*** Material shown
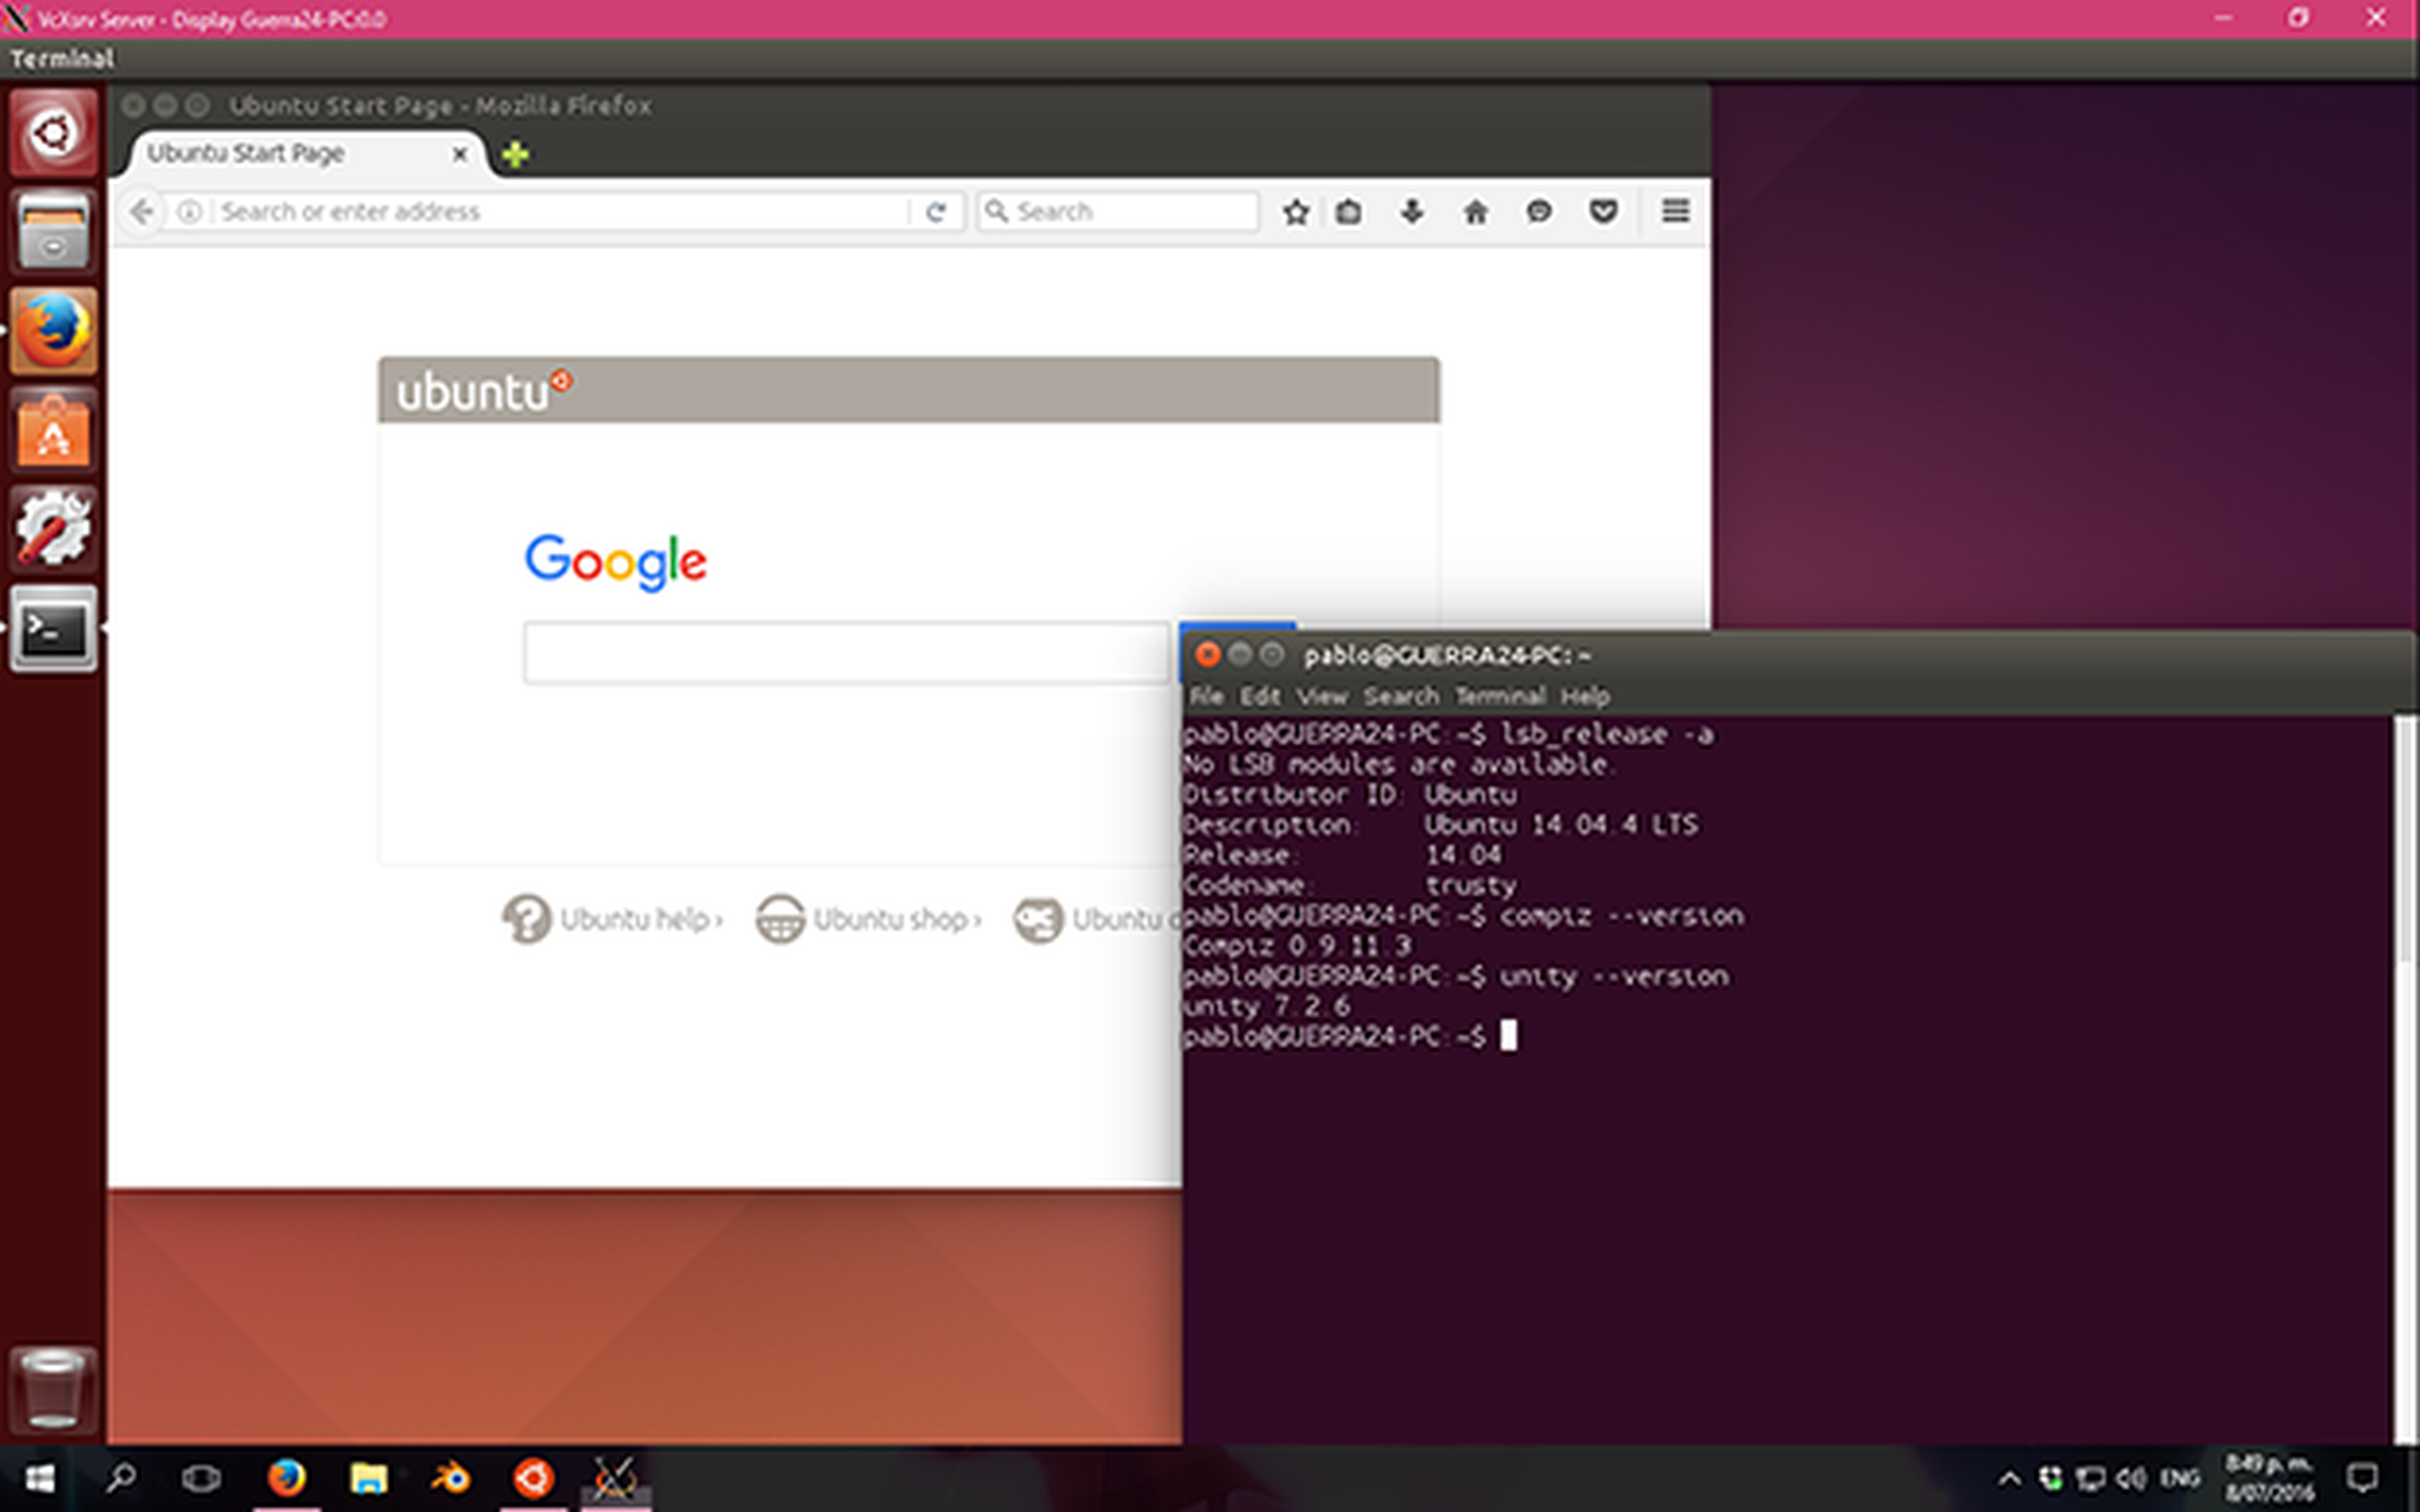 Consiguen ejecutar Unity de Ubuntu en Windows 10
******
*** Material shown
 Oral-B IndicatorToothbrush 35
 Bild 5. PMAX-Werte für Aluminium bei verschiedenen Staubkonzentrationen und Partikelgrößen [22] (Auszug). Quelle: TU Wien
******
Assigned task: The required answer is the exact run of lines above starting at the line with "Oral-B IndicatorToothbrush 35" and ending at the line with "Bild 5. PMAX-Werte", with both ends present.

Response to the exercise:
 Oral-B IndicatorToothbrush 35
 Bild 5. PMAX-Werte für Aluminium bei verschiedenen Staubkonzentrationen und Partikelgrößen [22] (Auszug). Quelle: TU Wien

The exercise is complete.